WHAT NEEDS TO BE DONE:
Could you copy exactly the lines below, beginning at the line with "Valentino 54mm Cat" and stopping after the line with "Oversized organic T-Shirt in powder blue", with no pictures?

START PROVIDED INFORMATION

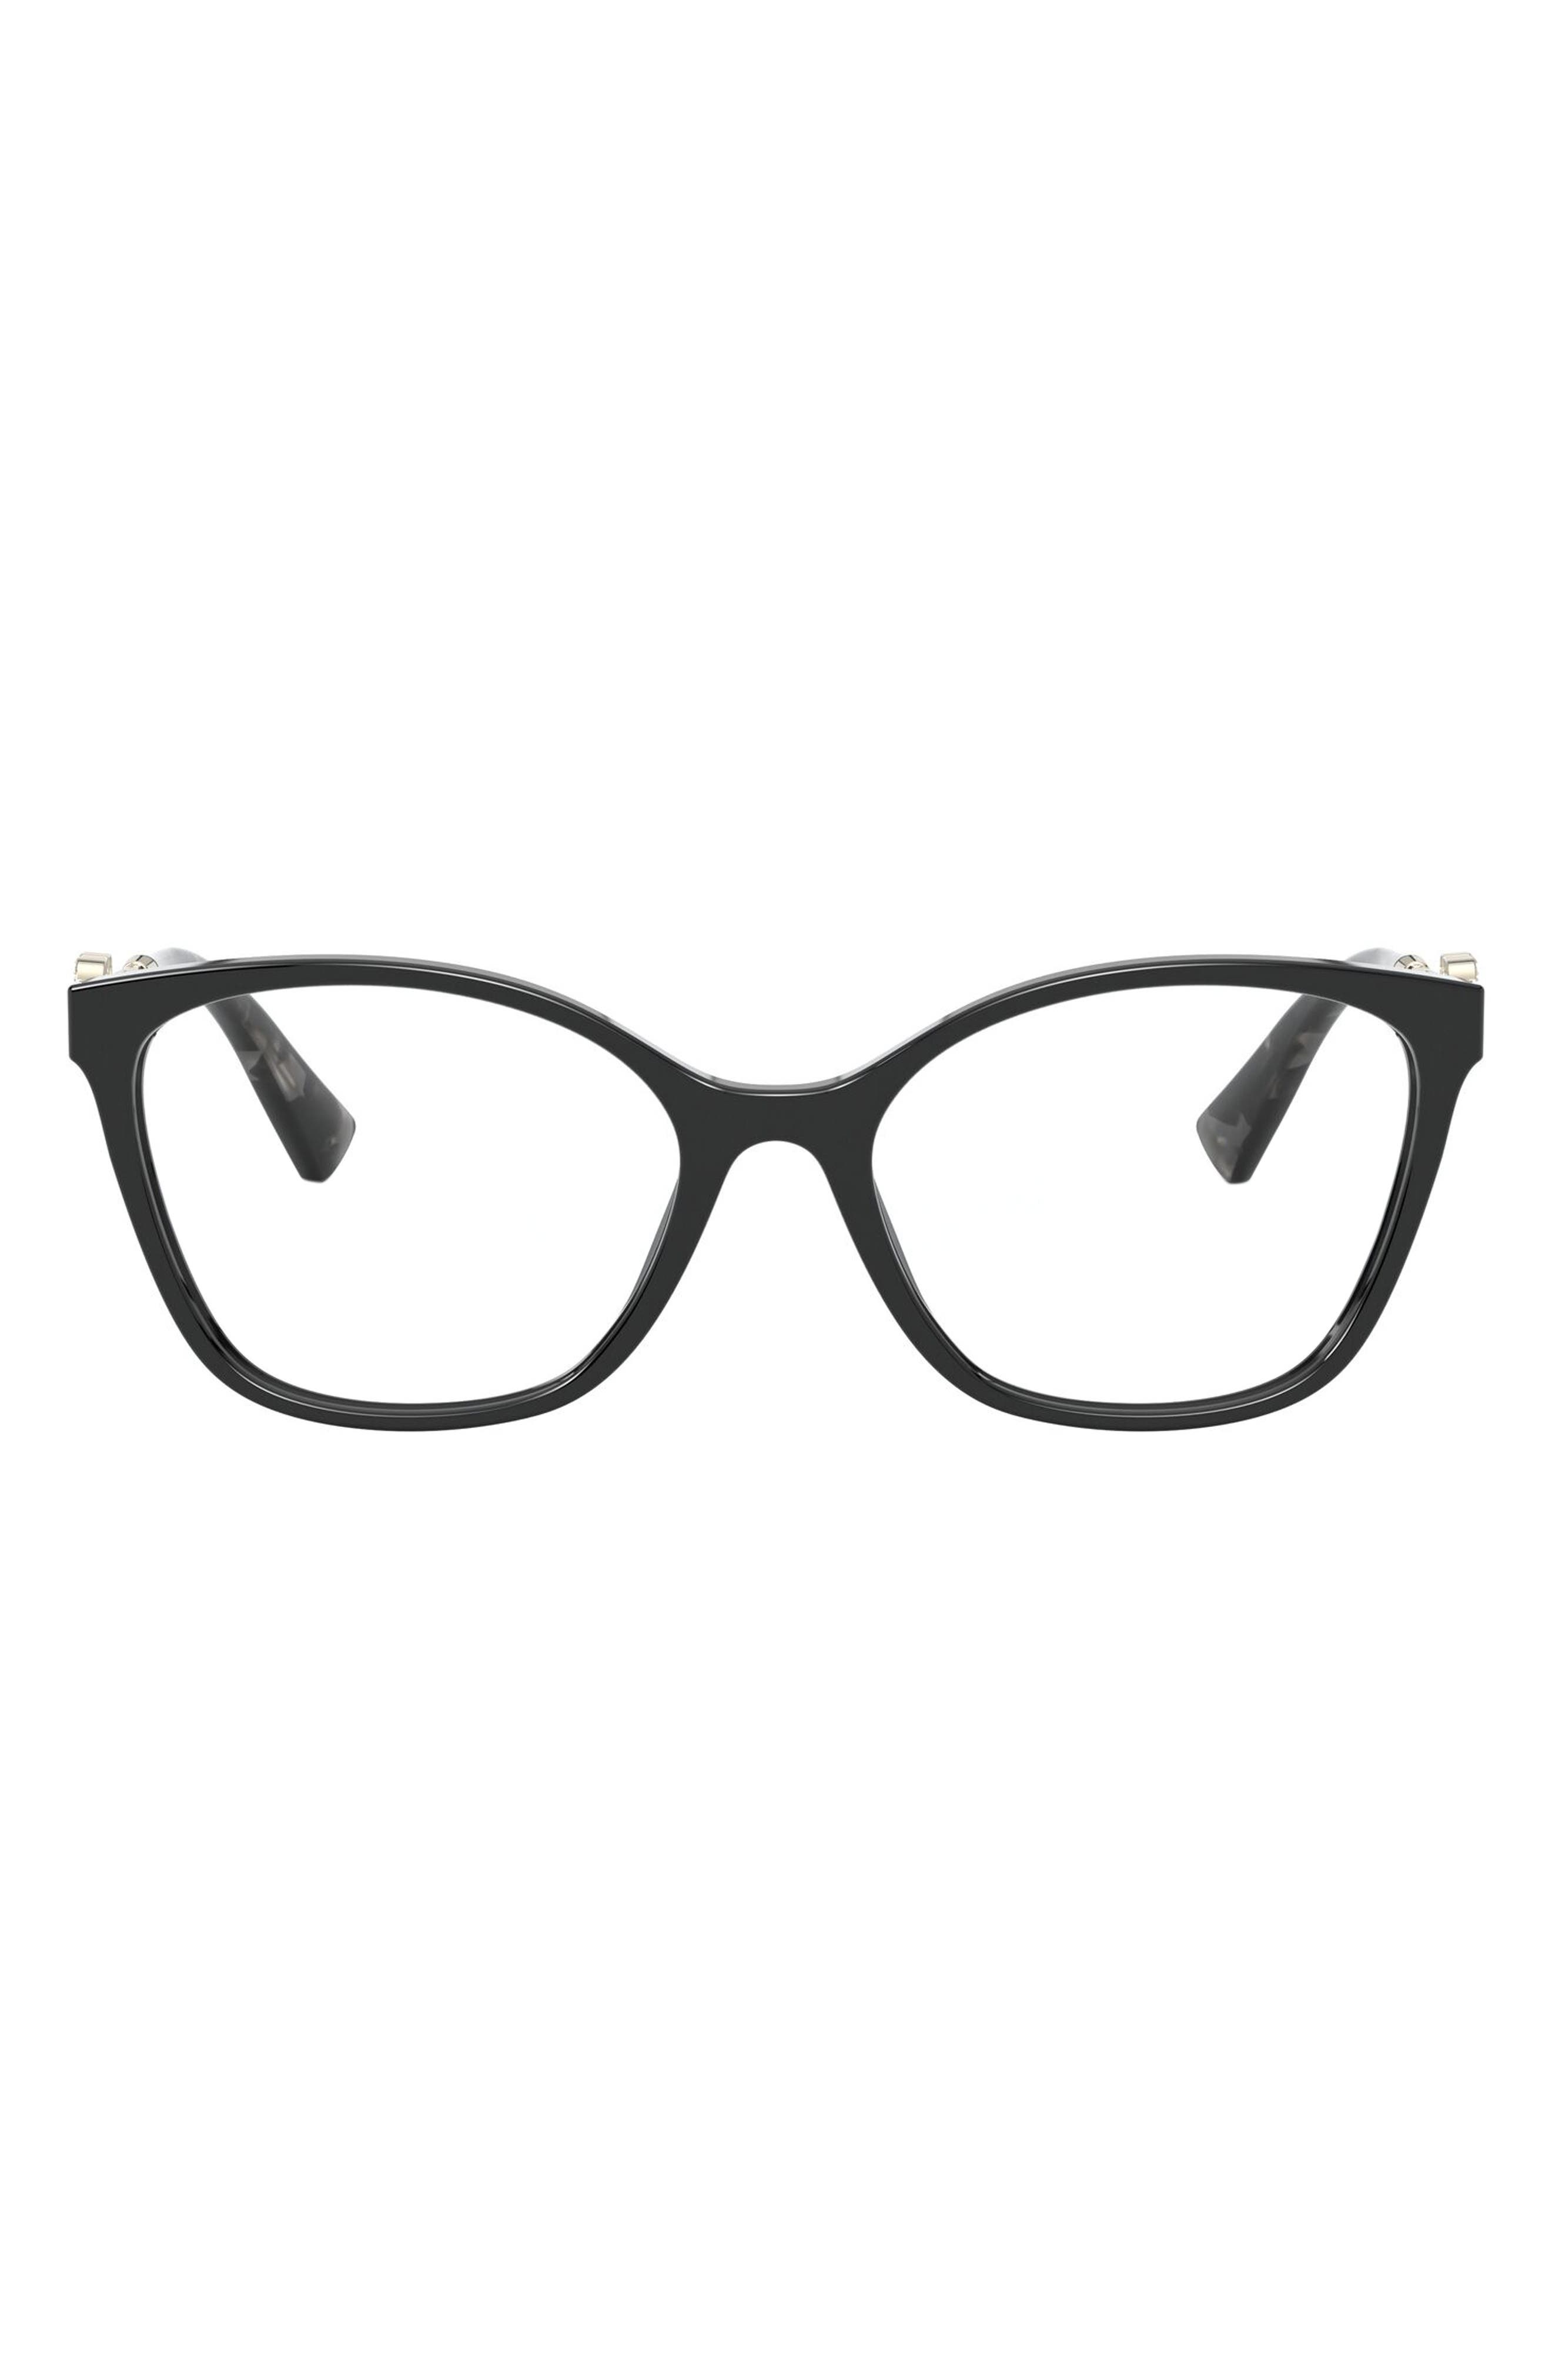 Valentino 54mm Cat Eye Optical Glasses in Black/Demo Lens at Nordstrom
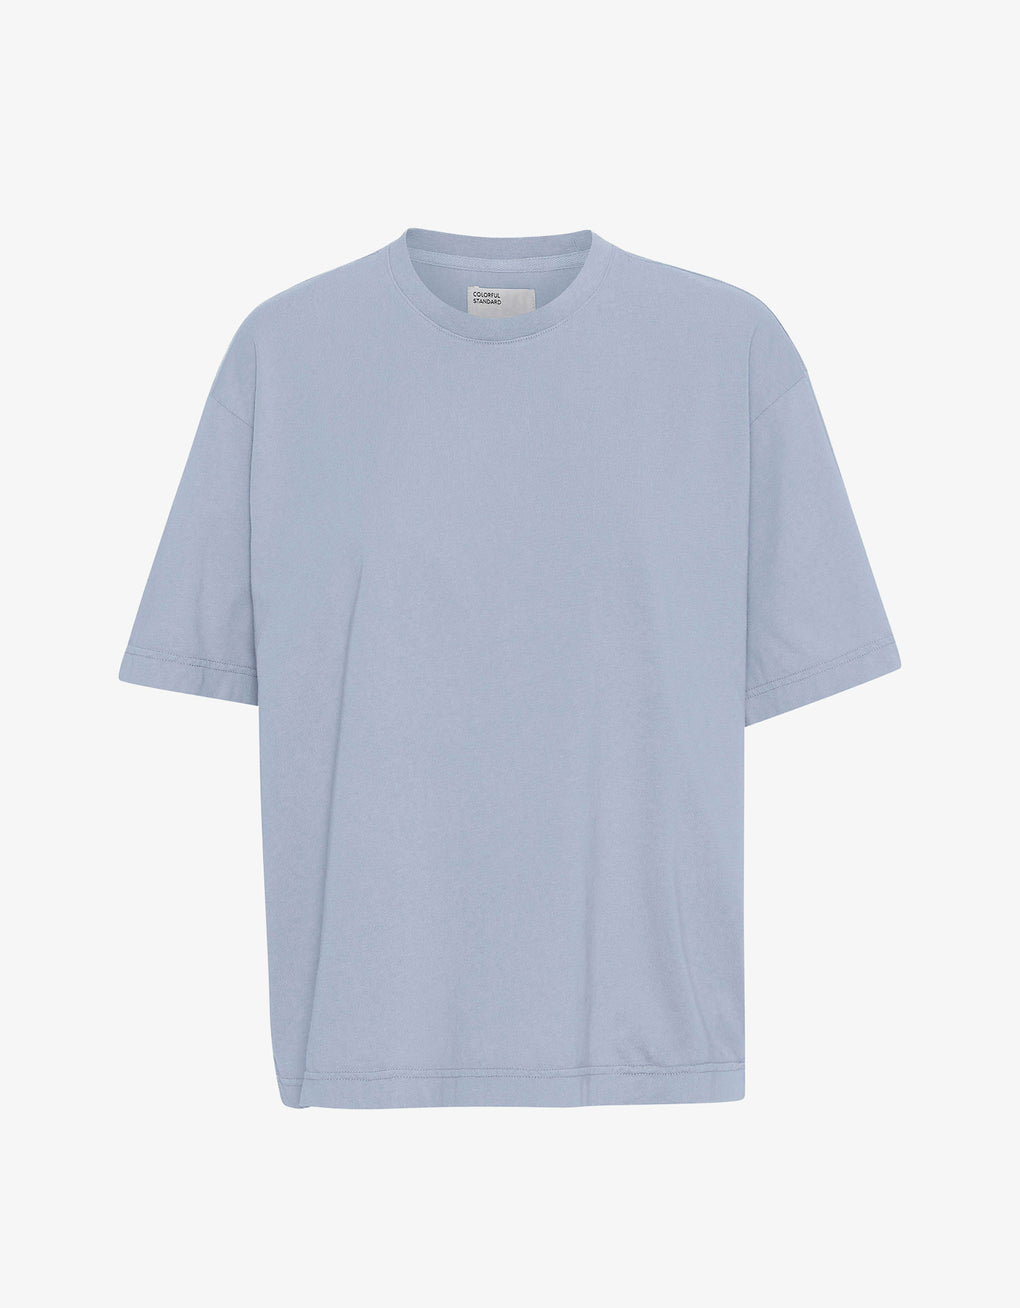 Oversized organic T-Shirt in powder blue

END PROVIDED INFORMATION
START PROVIDED INFORMATION

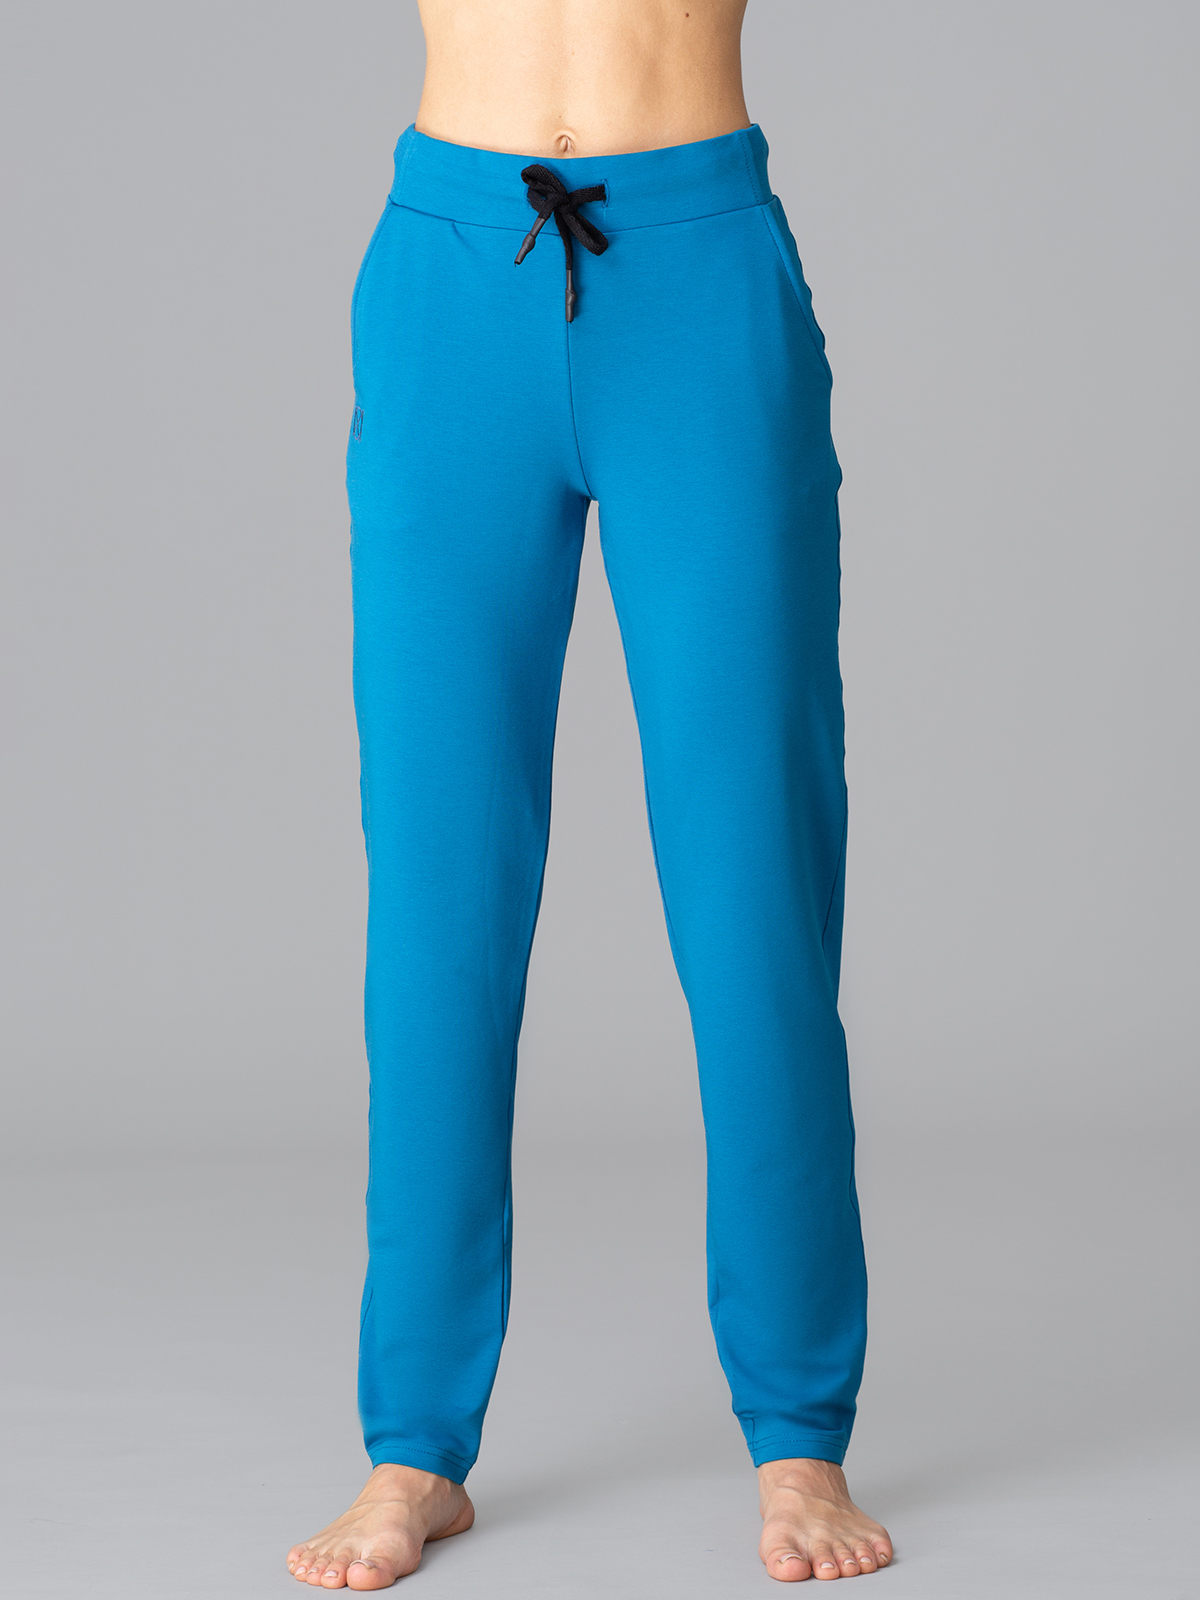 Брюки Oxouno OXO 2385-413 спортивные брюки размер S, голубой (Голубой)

END PROVIDED INFORMATION
START PROVIDED INFORMATION

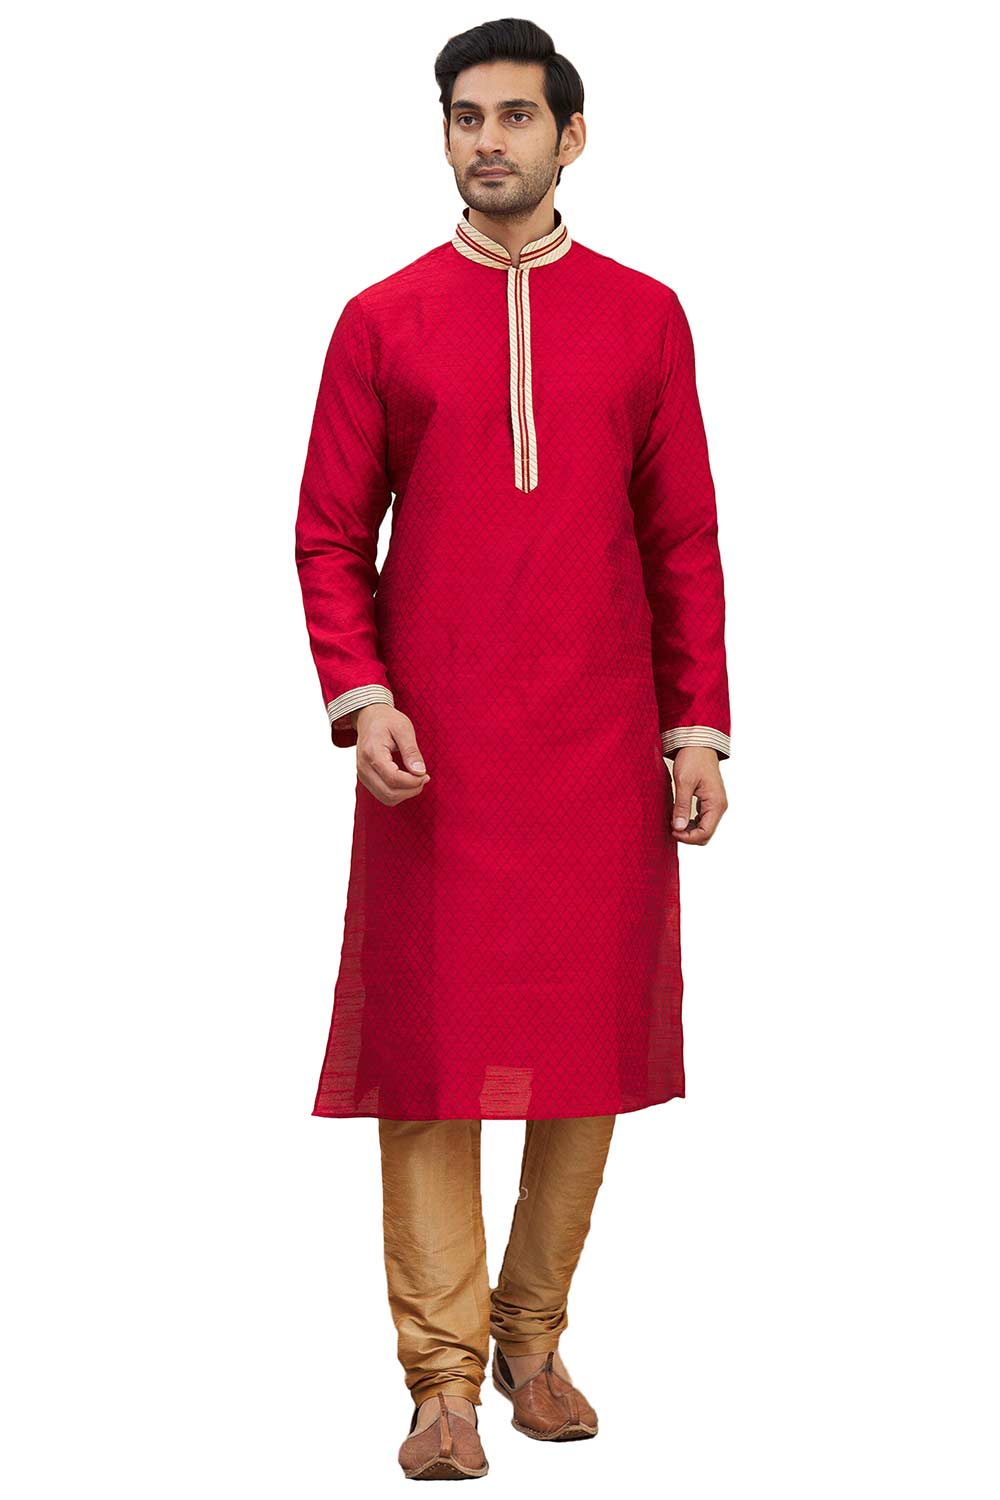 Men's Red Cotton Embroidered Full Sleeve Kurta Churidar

END PROVIDED INFORMATION

THE COMPLETED TASK:
 Valentino 54mm Cat Eye Optical Glasses in Black/Demo Lens at Nordstrom
 Oversized organic T-Shirt in powder blue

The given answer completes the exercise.